Our method to identify stroke genes proved to cover a majority but not all the stroke gene the authors are aware of. This shows how difficult it still is today to gather the actual knowledge on known genetic causes to Mendelian stroke, and also shows that our tables probably are not complete. One stroke gene, CTSA, known to be associated with stroke [23] but not identified by our OMIM search was included in the SGP1.

Even though it is not clear to date whether genes or loci associated with stroke risk in large GWAS will be found to harbor monogenic causes of Mendelian stroke, we included genes and loci identified in a very large meta-analysis of GWAS data [14] in SGP3 (Table 3). We suggest that this panel can be used for research purposes to evaluate stroke families for possible rare high-impact variants in those genes/loci, and hypothesize that these genes might sometimes contain rare genetic causes for Mendelian stroke.

The stroke gene panels have not yet been tested in a cohort of patients. We hope that upcoming studies by others and us, using the stroke gene panels, will determine the proportion of monogenic stroke in various proportions and establish the usefulness of the stroke gene panels.

Conclusions

We present a comprehensive, systematically compiled stroke gene panel for evaluation of patients with possible monogenic stroke. The clinical utility of the panels should be further prospectively evaluated. Accordingly, we plan to join on-going clinical efforts from different research groups and further test the stroke gene panels, by analyzing the WES data of patients with possible monogenic stroke from different stroke cohorts.

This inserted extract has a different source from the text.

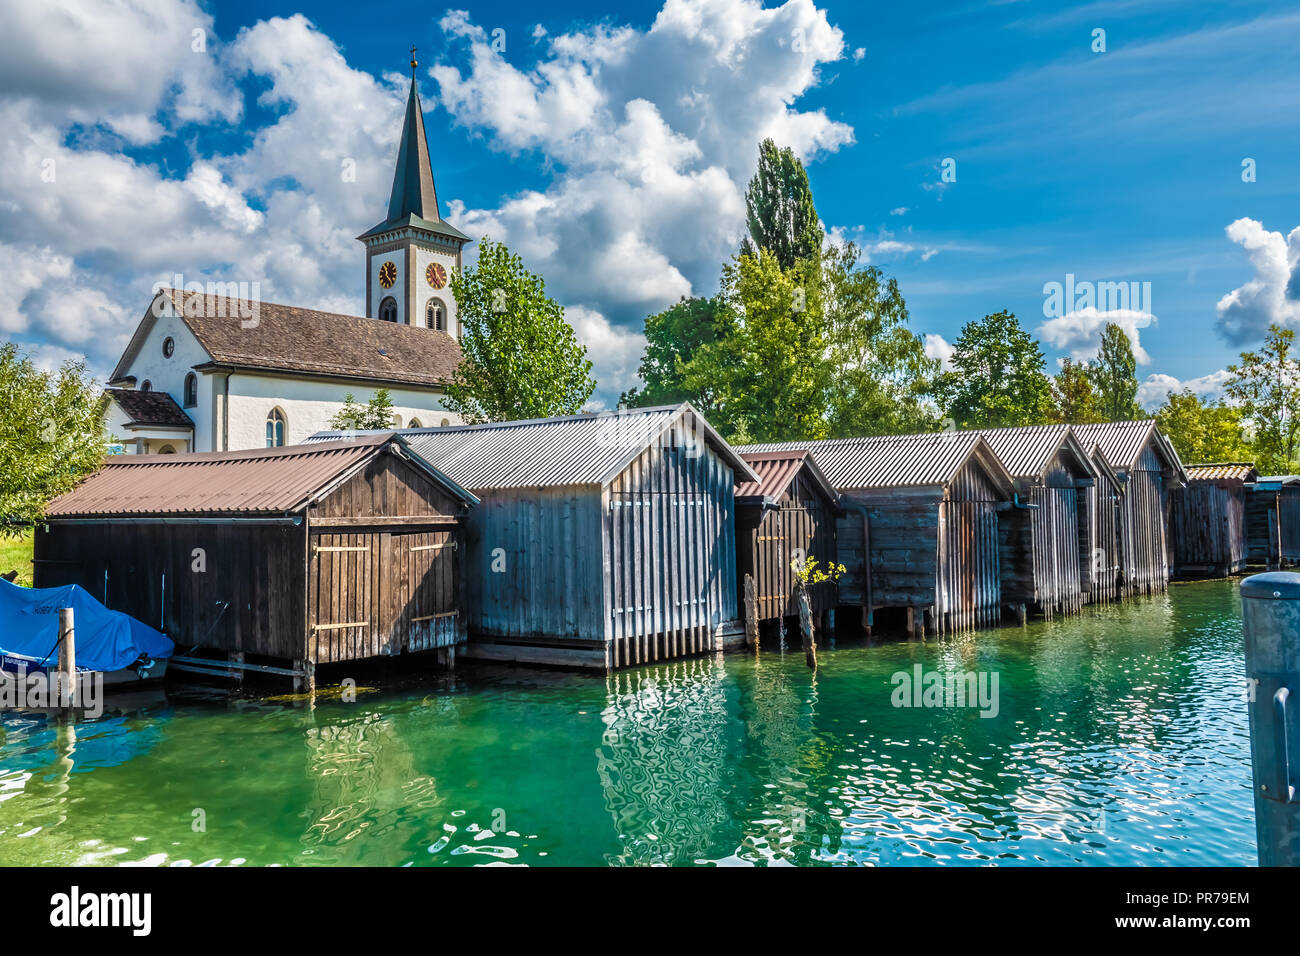 The beautiful historical village of Busskirch on the shores of the Upper Zurich Lake (Obersee), Rapperswil-Jona, Sankt Gallen, Switzerland Stock Photo

We also suggest the development of a publically available website-based stroke gene panel to be permanently updated, as the rate of discovery in the area is high. Such an effort would prospectively evaluate the evidence for or against pathogenicity of variants in the genes in the three panels. For example, identification of the same, rare variant in unrelated patients with clinically identical type of stroke, identified in different international research projects or in clinical diagnostic efforts, would greatly increase the likelihood that the variant truly is pathogenic.